• **About this exercise**: Given the material below, output exactly the lines from the line with "Ecole Sac de" to the line with "nike leopard slip on", both ends included, and no other lines.

• **The data**:
•••••

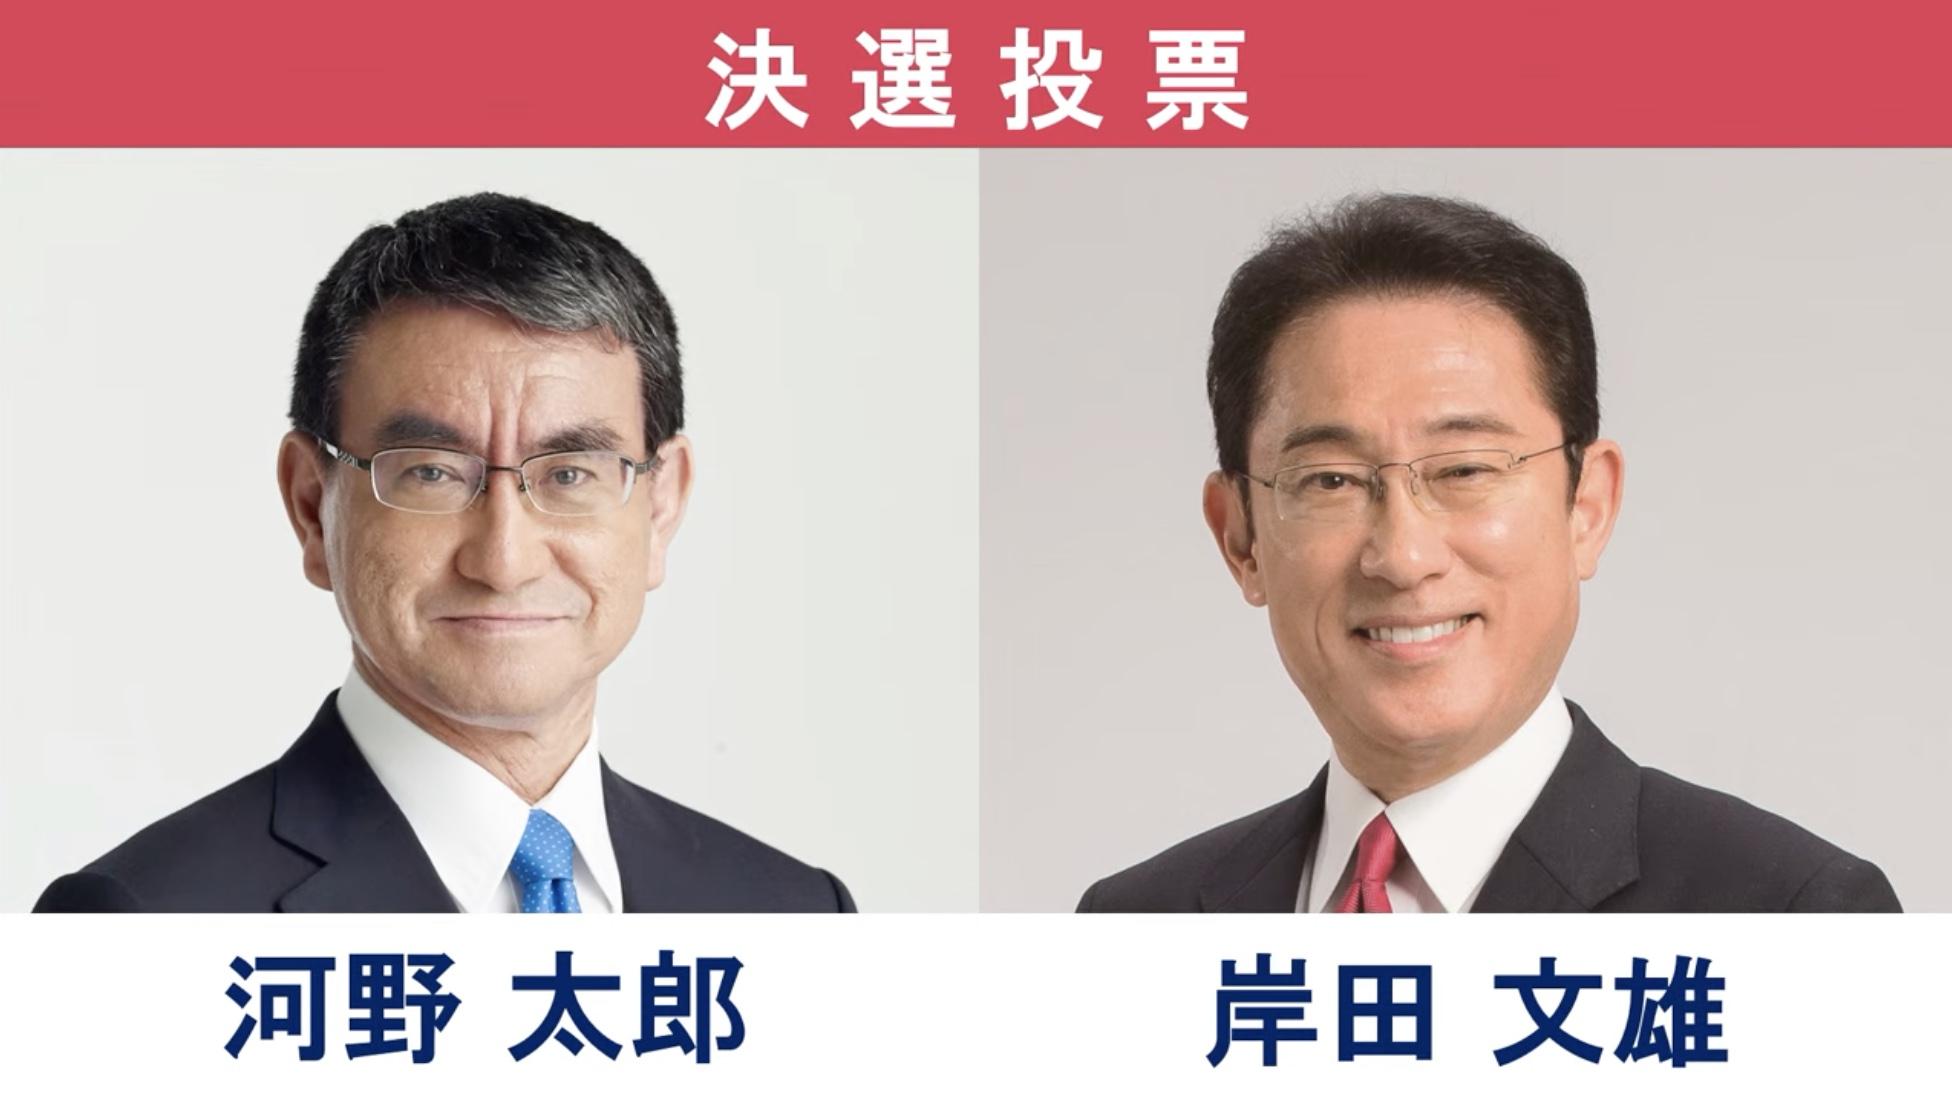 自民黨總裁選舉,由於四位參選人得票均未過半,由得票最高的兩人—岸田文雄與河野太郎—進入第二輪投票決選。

•••••

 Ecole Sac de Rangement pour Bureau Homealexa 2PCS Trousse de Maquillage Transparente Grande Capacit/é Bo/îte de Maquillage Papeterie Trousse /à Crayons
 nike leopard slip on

•••••

• **Output of the exercise**:
 Ecole Sac de Rangement pour Bureau Homealexa 2PCS Trousse de Maquillage Transparente Grande Capacit/é Bo/îte de Maquillage Papeterie Trousse /à Crayons
 nike leopard slip on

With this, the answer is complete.